[EXERCISE MATERIALS]

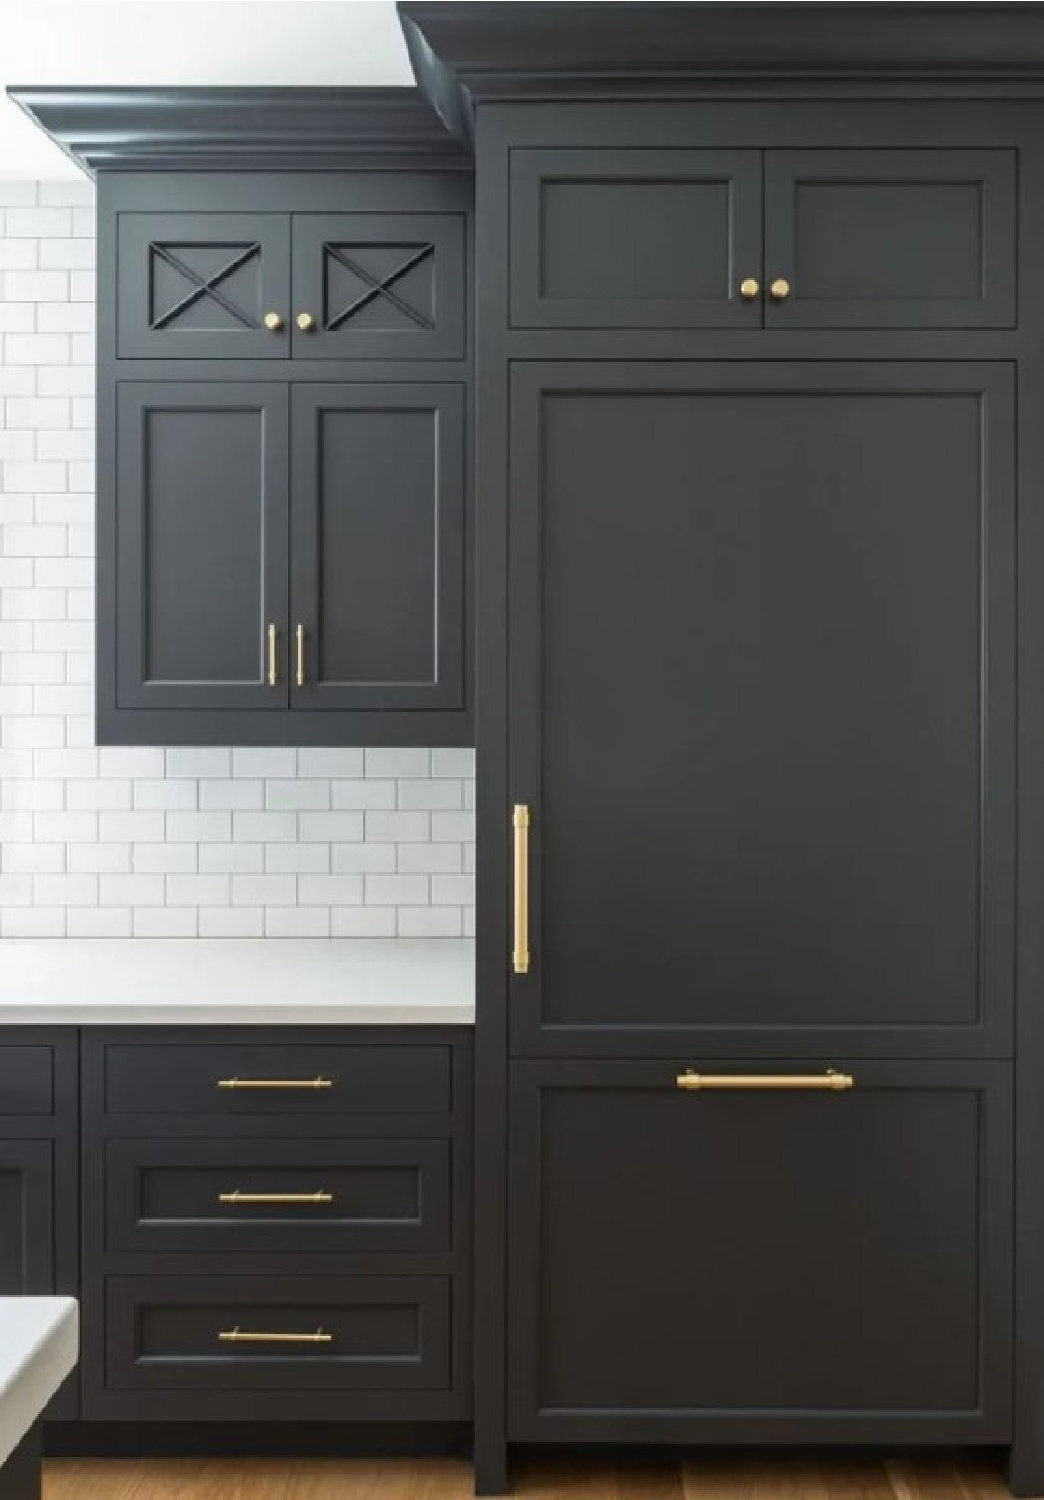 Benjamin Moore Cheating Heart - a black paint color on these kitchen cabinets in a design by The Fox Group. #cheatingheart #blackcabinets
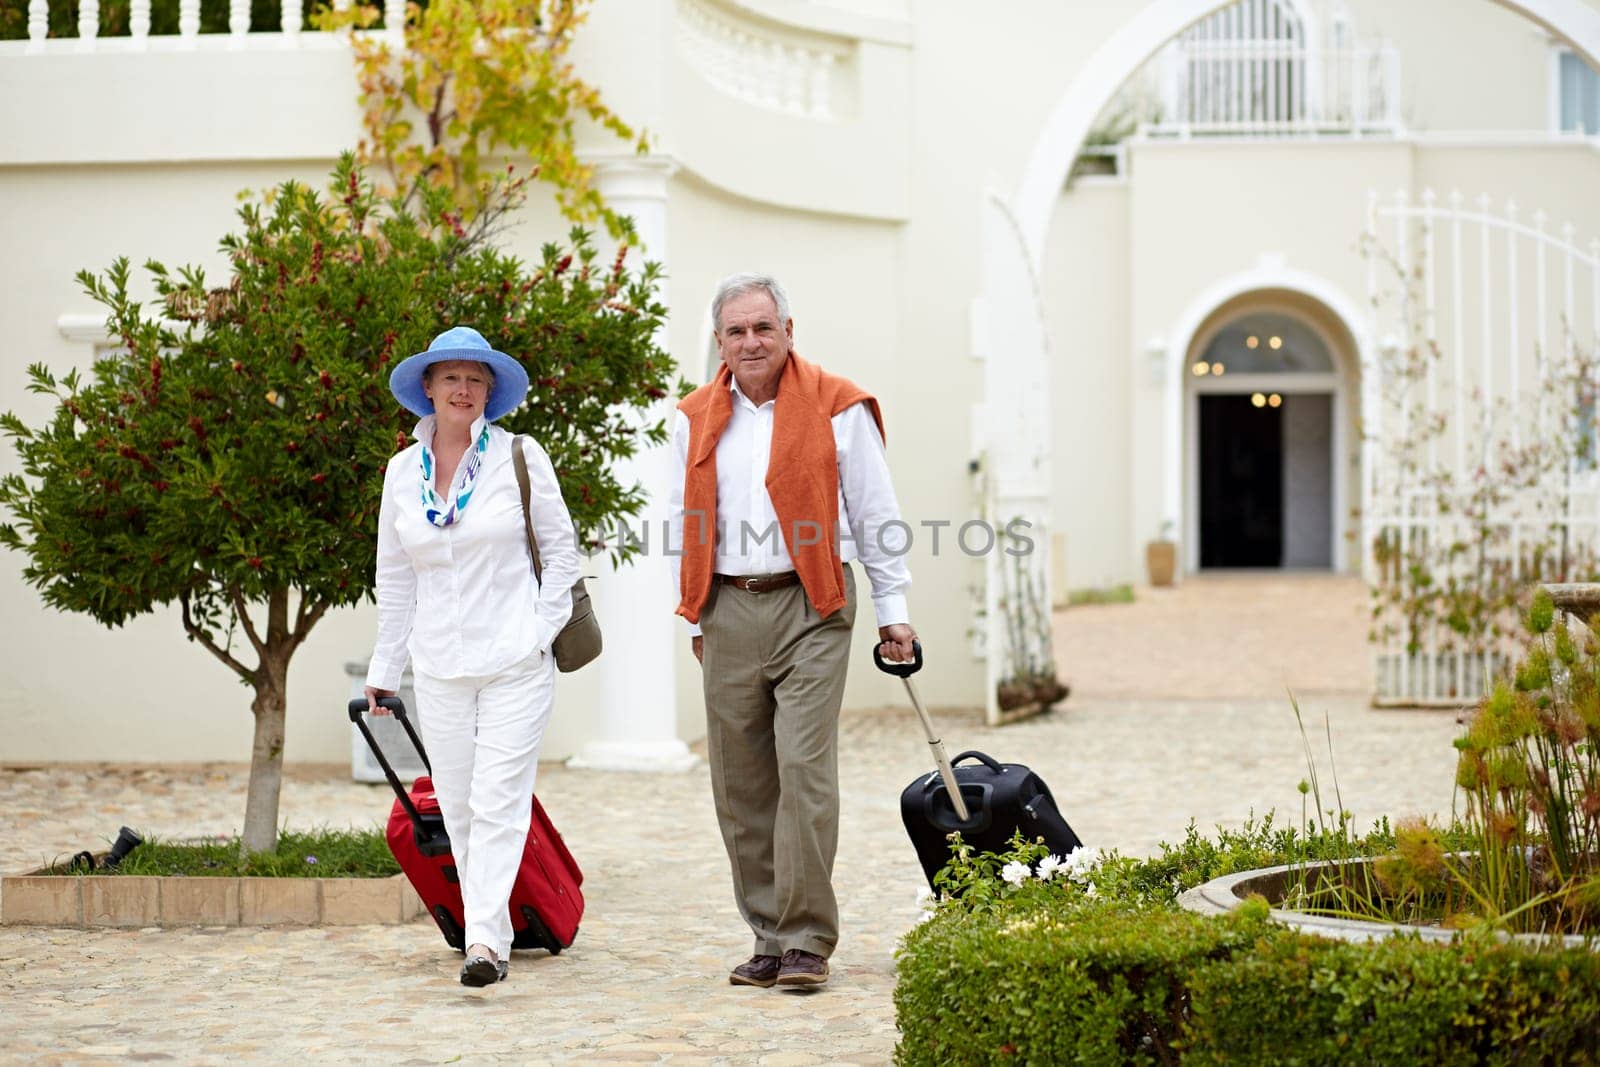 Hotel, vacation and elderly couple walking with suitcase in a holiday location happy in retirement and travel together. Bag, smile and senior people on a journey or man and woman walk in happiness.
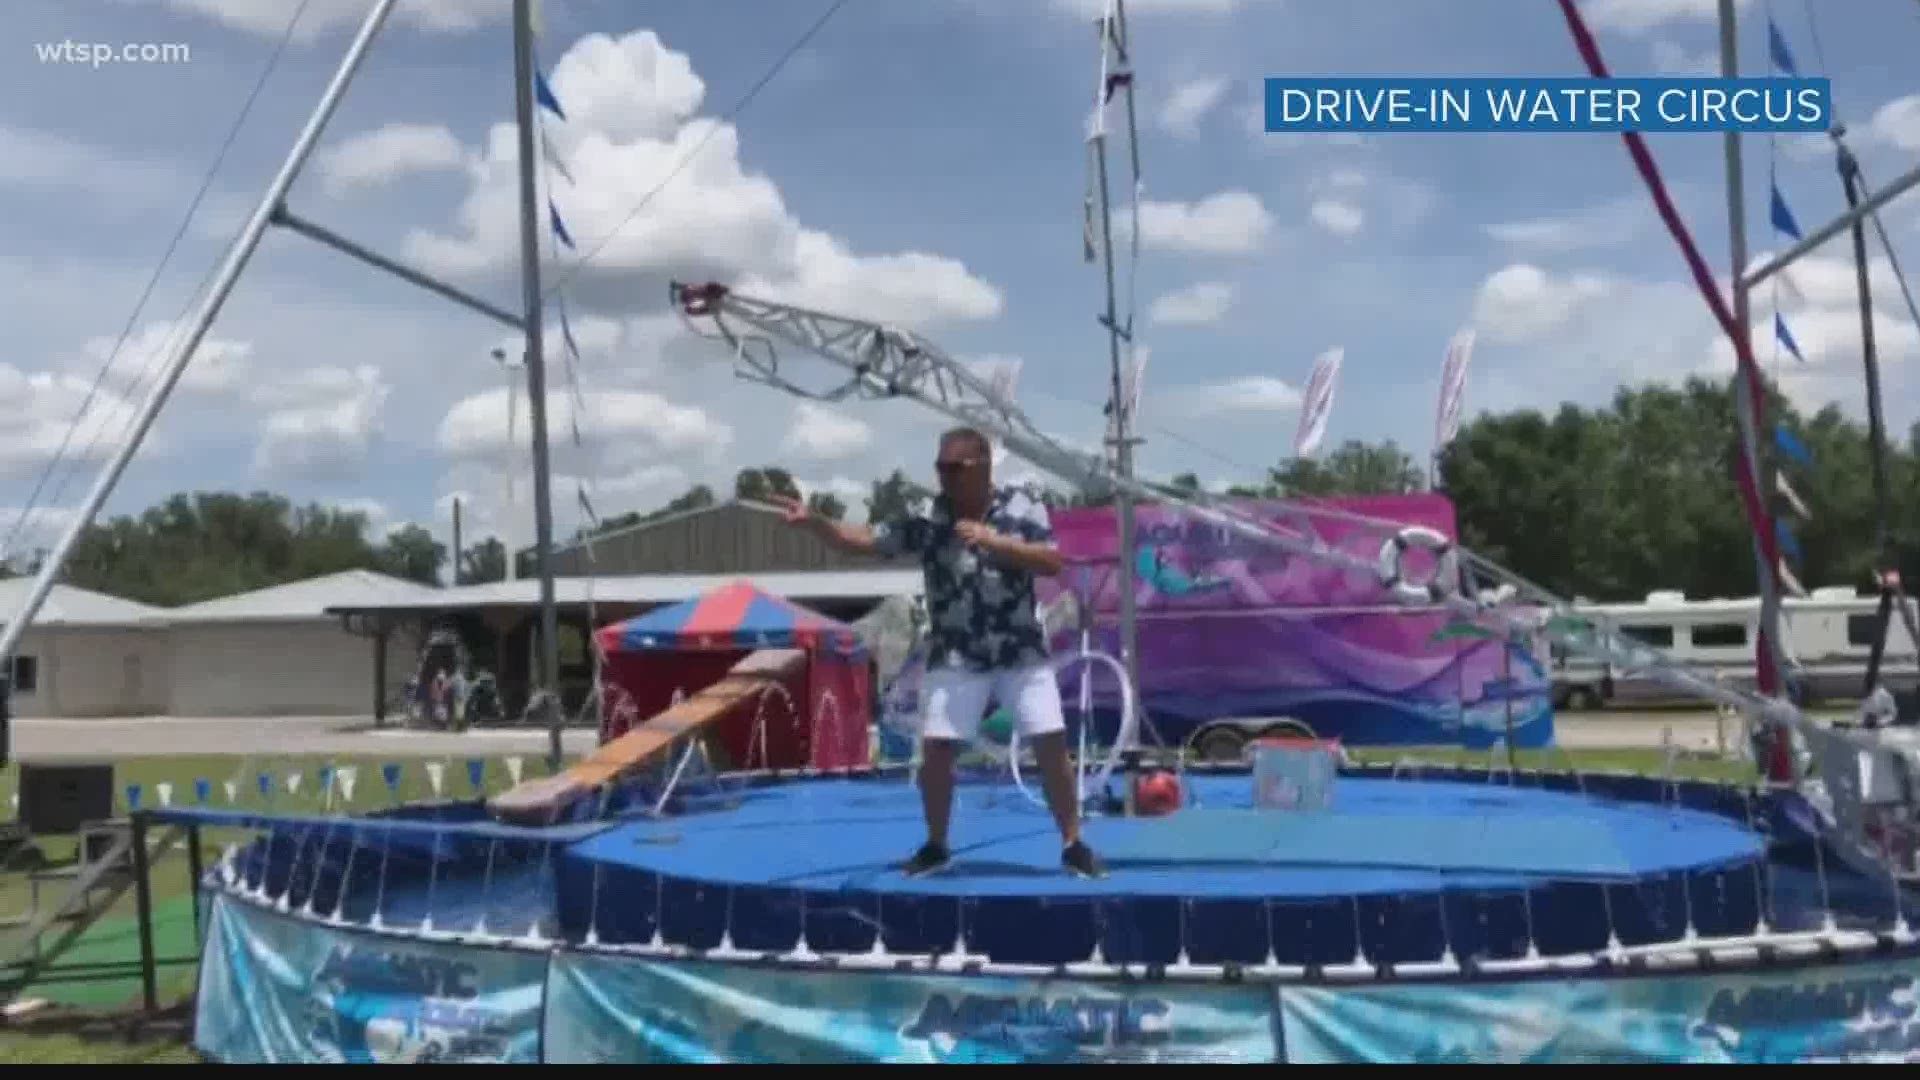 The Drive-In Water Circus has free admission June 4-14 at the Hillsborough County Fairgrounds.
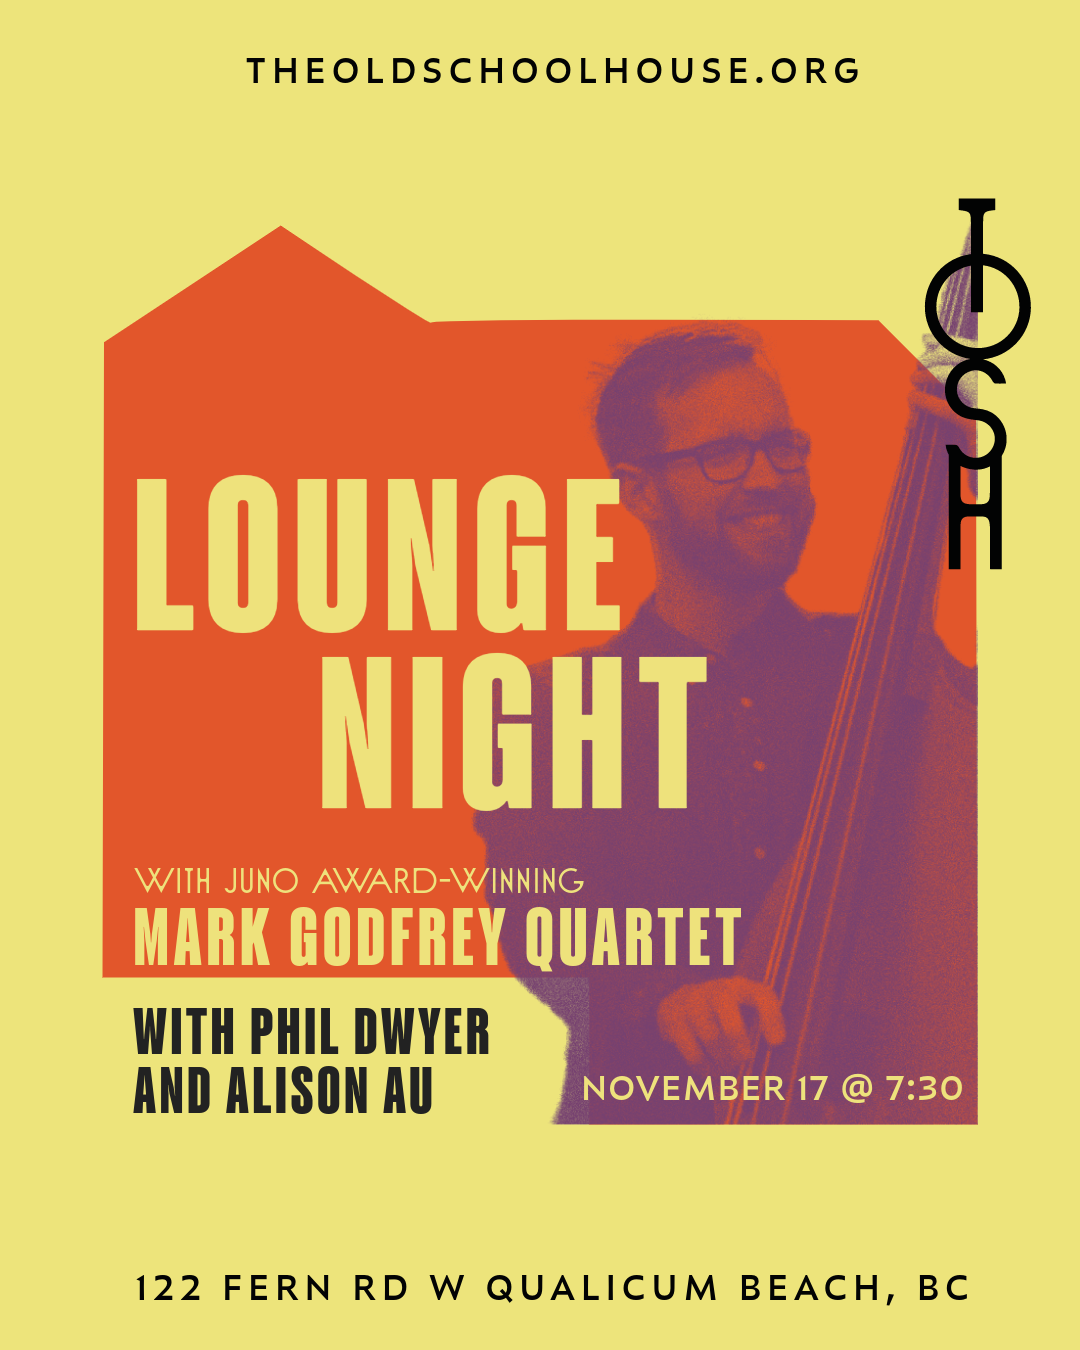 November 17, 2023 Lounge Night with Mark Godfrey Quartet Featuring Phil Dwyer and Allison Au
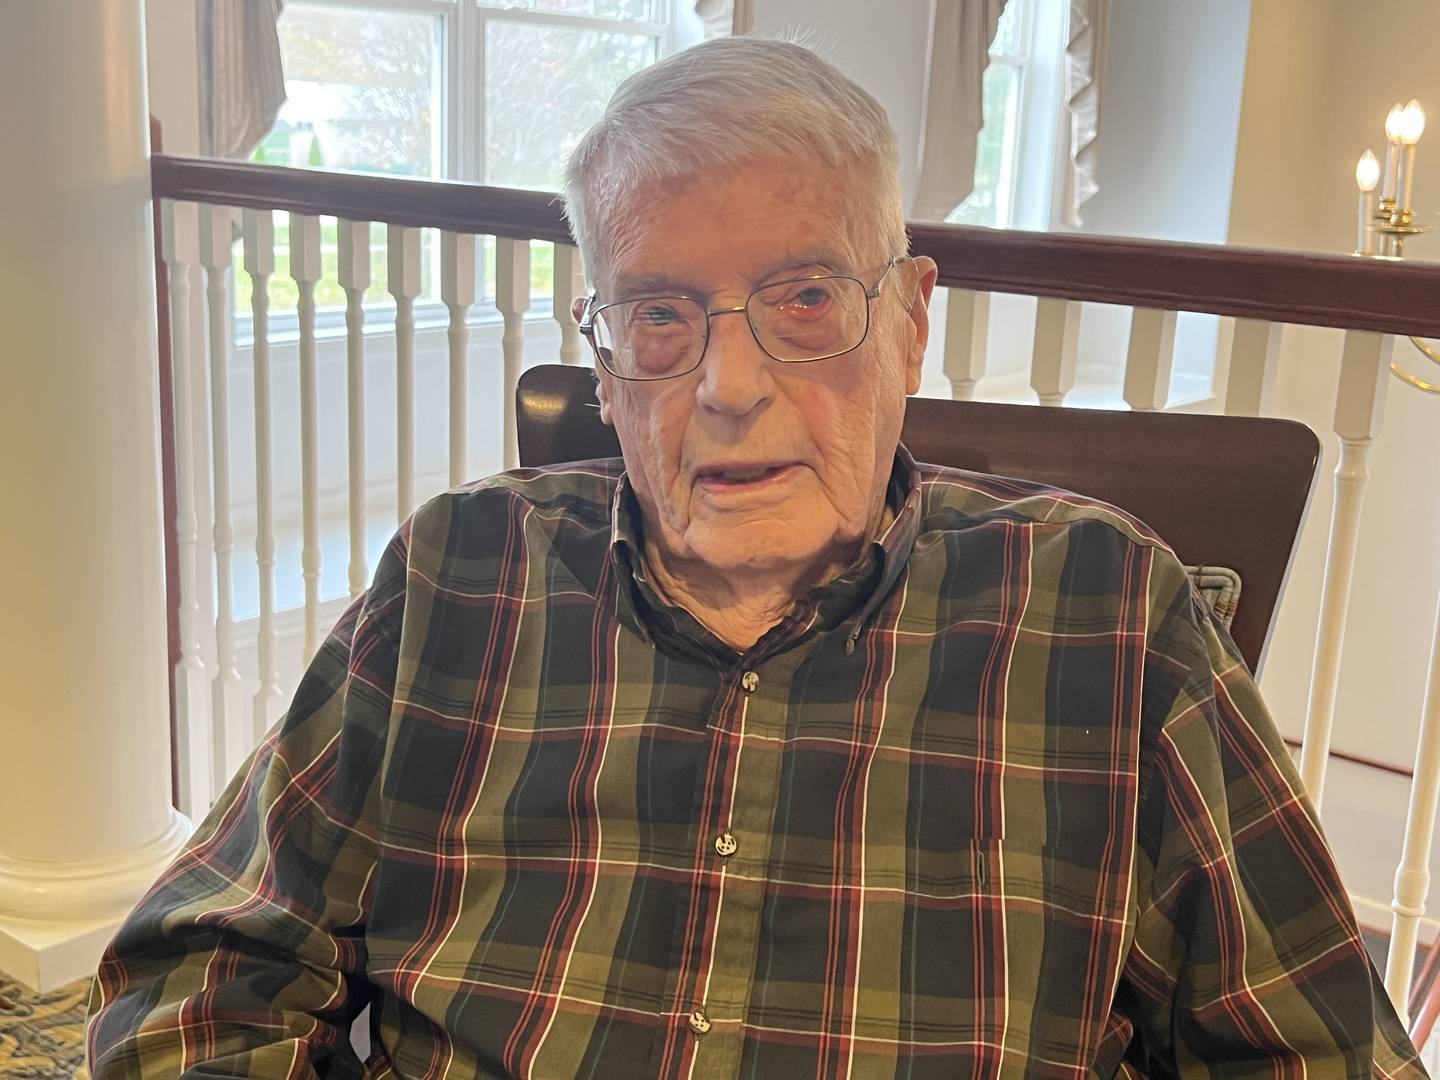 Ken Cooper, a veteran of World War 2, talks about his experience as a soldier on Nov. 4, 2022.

[/EXERCISE MATERIALS]

** YOUR INSTRUCTIONS **
Reproduce exactly the lines from the beginning of the material down to the line containing "The Drive-In Water", both ends included, but not the pictures or anything after.

** RESULT **
 Benjamin Moore Cheating Heart - a black paint color on these kitchen cabinets in a design by The Fox Group. #cheatingheart #blackcabinets
 Hotel, vacation and elderly couple walking with suitcase in a holiday location happy in retirement and travel together. Bag, smile and senior people on a journey or man and woman walk in happiness.
 The Drive-In Water Circus has free admission June 4-14 at the Hillsborough County Fairgrounds.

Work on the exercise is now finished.